3.3 A hanseníase em Uberlândia: espaço e doença

3.3.3 O Programa de Controle da Hanseníase em Uberlândia

Com a municipalização do Programa de Hanseníase a partir de 1993, as atribuições em relação ao combate dessa doença continuaram centralizadas na Unidade Básica de Saúde Martins até 1999, quando o serviço foi descentralizado com o objetivo de atender o paciente próximo a sua residência, o que facilitaria o retorno com regularidade e impediria o abandono. Em busca de maior eficiência, é inserida no programa uma equipe multiprofissional, formada por médicos, assistentes sociais, enfermeiras e fisioterapeutas, com treinamento específico oferecido pela Secretaria Estadual de Saúde. Inicialmente, contavam com diversas unidades pertencentes à Universidade Federal de Uberlândia, porém, várias delas foram fechadas,

restando apenas o Ambulatório Amélio Marques (Campus Umuarama) e o Centro Saúde Escola Jaraguá.

Hoje, o Programa de Hanseníase possui uma Coordenação sediada na Vigilância Epidemiológica da Secretaria Municipal de Saúde que normatiza e supervisiona as ações de controle. Por ser doença de notificação compulsória, os dados são coletados em formulários próprios e encaminhados para a Secretaria Estadual de Saúde, que os remete para o Ministério da Saúde, tendo como objetivos:

a) Diagnosticar precocemente todos os casos novos esperados de portadores de Hanseníase, de maneira que 90% destes sejam diagnosticados antes do aparecimento de deformidades físicas;

b) Tratar regularmente com esquema poliquimioterapia todos os casos diagnosticados;

c) Desenvolver ações que garantam a prevenção das incapacidades; d) Dar alta por cura a pelo menos 80% dos casos que iniciaram tratamento; e) Reduzir em 15 a 20% ao ano a taxa de prevalência;

f) Fazer exame dermato-neurológico dos contatos dos portadores de Hanseníase; g) Promover ações de Educação em Saúde nas Unidades de Saúde, com familiares

e na comunidade a fim de amenizar o preconceito ainda existente (UBERLÂNDIA, 2003, p.1).

O Programa ainda apresenta as Unidades de Saúde e consultórios particulares que oferecem atendimento a casos de hanseníase, que estão assim distribuídos:

 Distrito Leste: Ambulatório Amélio Marques – UFU – Bairro Umuarama e UAI Anice Dib Janete – Bairro Tibery;

 Distrito Oeste: Centro de Saúde Escola Jaraguá – Bairro Jaraguá e UAI Dr. Domingos Pimentel de Ulhôa – Bairro Luizote;

 Distrito Central: Consultório Particular Dr. José Joaquim – Bairro Martins e Dra. Isabela Maria Bernardes Goulart – Bairro Lídice;

 Distrito Sul: U.B.S. Dr. Virgílio Mineiro – Bairro Lagoinha e U.B.S. Rofles Cecílio – Bairro São Jorge.

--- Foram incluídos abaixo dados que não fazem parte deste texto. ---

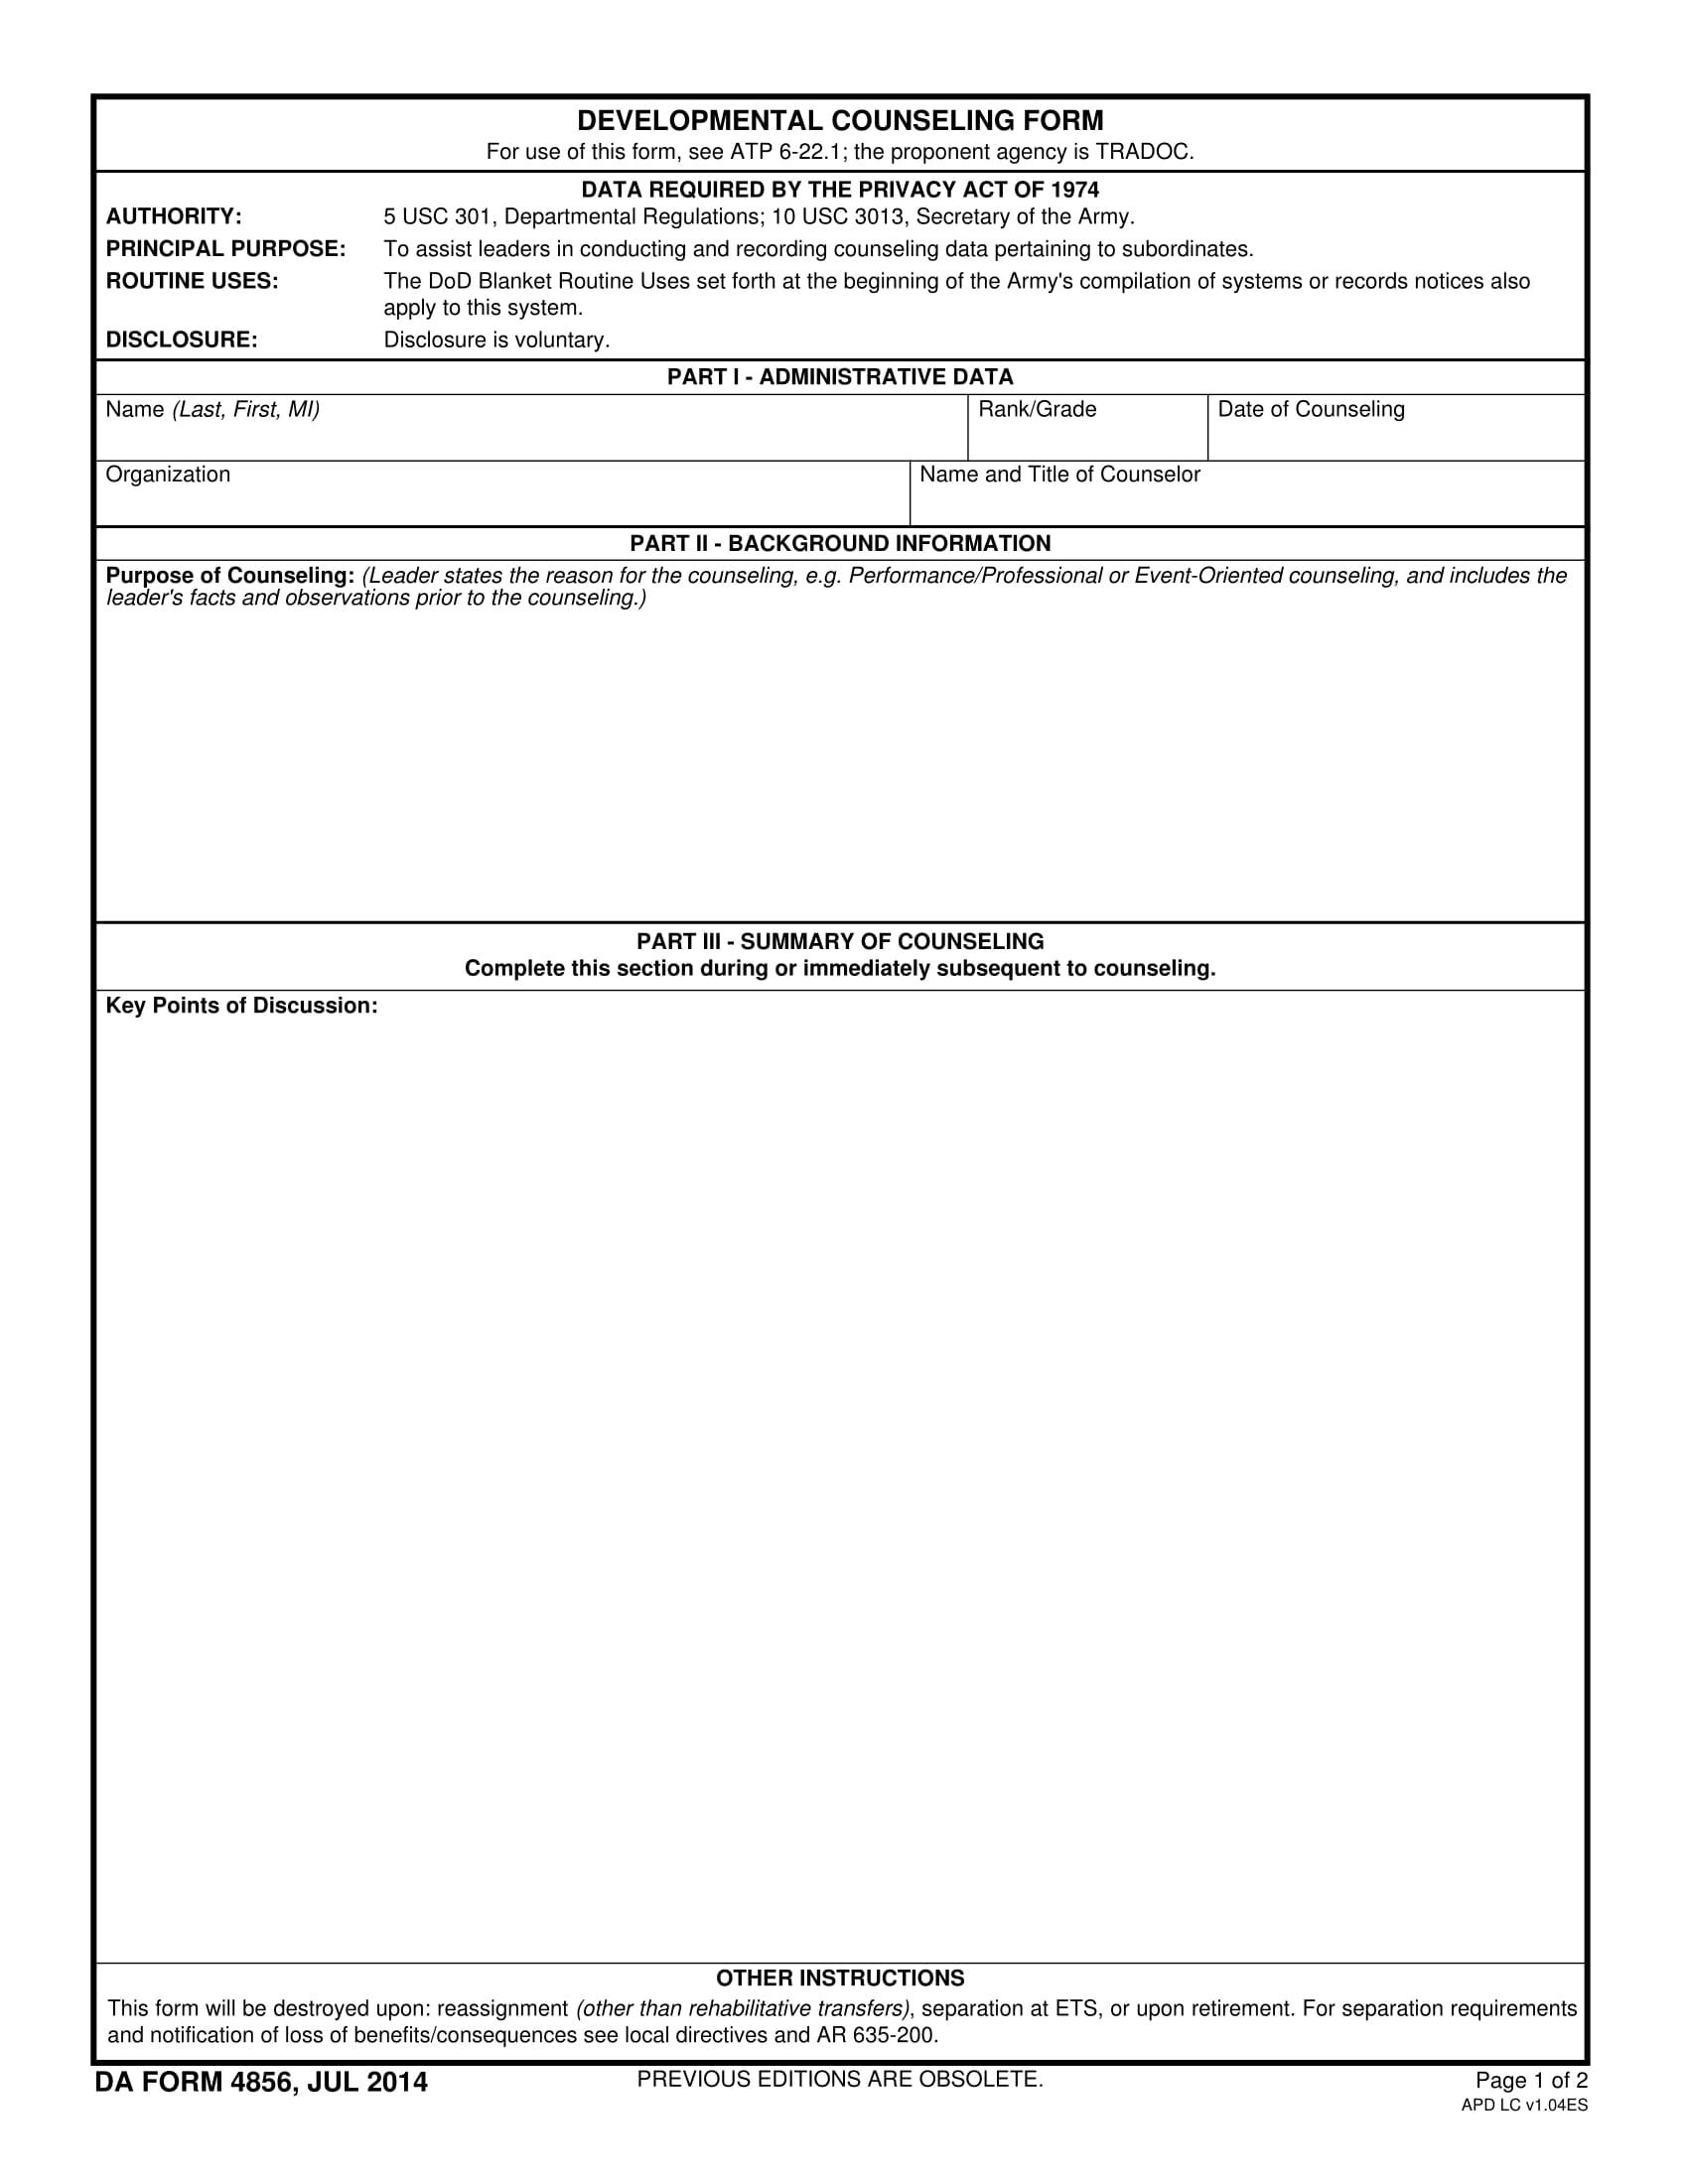 developmental counseling statement form 1

Buscando uma melhor eficiência das ações, a equipe de assistência social elaborou um Projeto do Serviço Social que tem como objetivo geral socializar as informações sobre a Hanseníase em seus aspectos psicossociais, através de palestras e atividades de educação em saúde para toda a comunidade, visando orientação sobre a prevenção, a doença e o tratamento, assim como sensibilizar quanto à desmistificação do estereótipo da hanseníase (UBERLÂNDIA, 2003,anexo 1).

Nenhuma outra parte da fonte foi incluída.